We designed our turbo adapter to be 100x more parameter efficient compared to other fine-tuning techniques for speculative decoding, making it the ideal choice for accelerating token generation tasks.

The turbo adapter can be used to:

  1. Improve Base Model Inference Speed: Fine-tune a speculator to optimize your base model's performance on specific prompts and tasks, resulting in faster generation without compromising the original model's output quality. This approach tailors the speculative decoding process to your use case, further enhancing throughput gains.
  2. Faster LoRA Inference: If you’ve already fine-tuned a model using LoRA, you can convert it into a Turbo LoRA by resuming the fine-tuning job with the adapter type set to turbo.
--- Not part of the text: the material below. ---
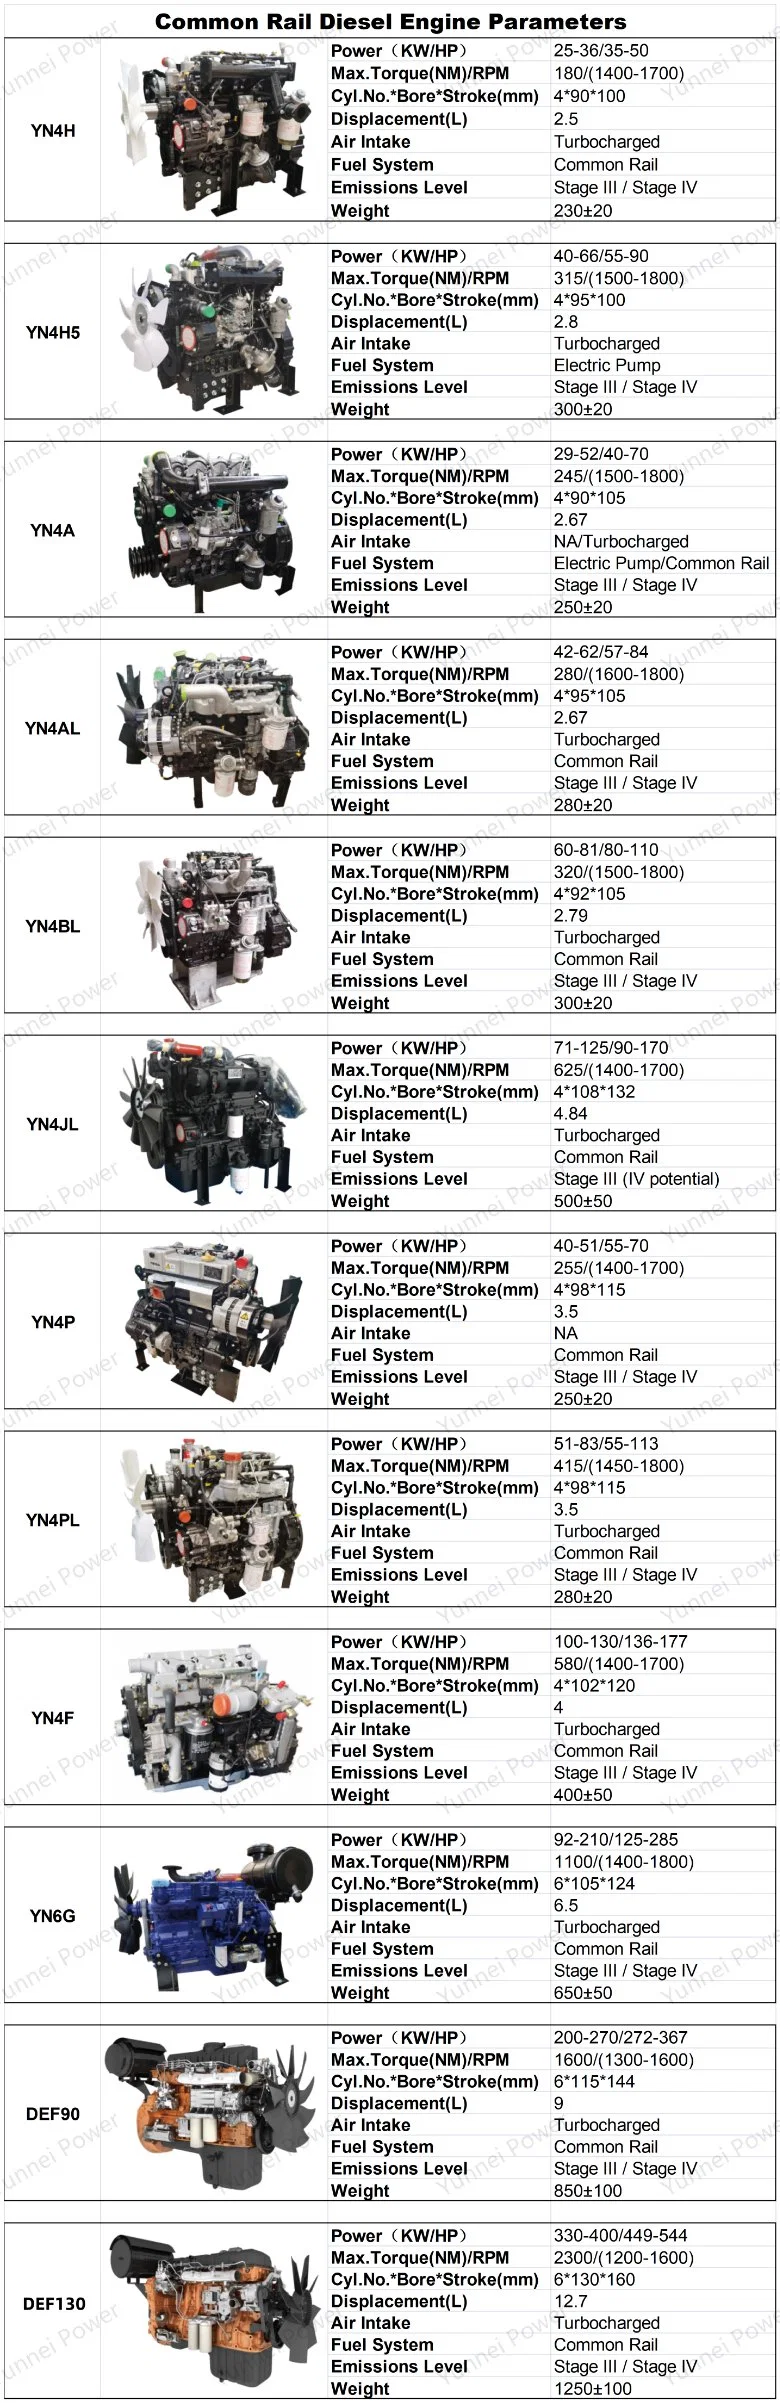 Yunnei Power Machinery Diesel Engine for Diesel Generator Set/Fire Fighting Pump/Water Pump/Forklift/Light Truck/Wheel Loader/Tractor

This allows you to leverage speculative decoding on top of your existing fine-tuned model, boosting inference speed without affecting your LoRA adapter's quality.

How to train a Turbo adapter For Base Model Throughput Improvement

# Connect a dataset
dataset = pb.datasets.from_file("/path/tldr_dataset.csv", name="tldr_dataset")

# Create an adapter repository
repo = pb.repos.create(name="news-summarizer-model", description="TLDR News Summarizer Experiments", exists_ok=True)

# Start a fine-tuning job with LoRA
adapter = pb.adapters.create(
config=FinetuningConfig(
base_model="mistral-7b",
adapter="turbo",
),
dataset=dataset,
repo=repo
)

How to train a Turbo Adapter for faster LoRA Inference

# Connect a dataset
dataset = pb.datasets.from_file("/path/tldr_dataset.csv", name="tldr_dataset")

# Create an adapter repository
repo = pb.repos.create(name="news-summarizer-model", description="TLDR News Summarizer Experiments", exists_ok=True)

# Start a fine-tuning job with LoRA
adapter = pb.adapters.create(
config=FinetuningConfig(
adapter="turbo",
),
continue_from_version="myrepo/3",
dataset=dataset,
repo=repo
)

How to serve a Turbo Adapter

While any base model can be trained as a Turbo adapter, some models require additional deployment configurations to support adapter inference properly.

If the base model fine-tuned does not require the adapter to be pre-loaded, you can use your Turbo adapter as normal (via private deployments and shared endpoints). See model requirements here.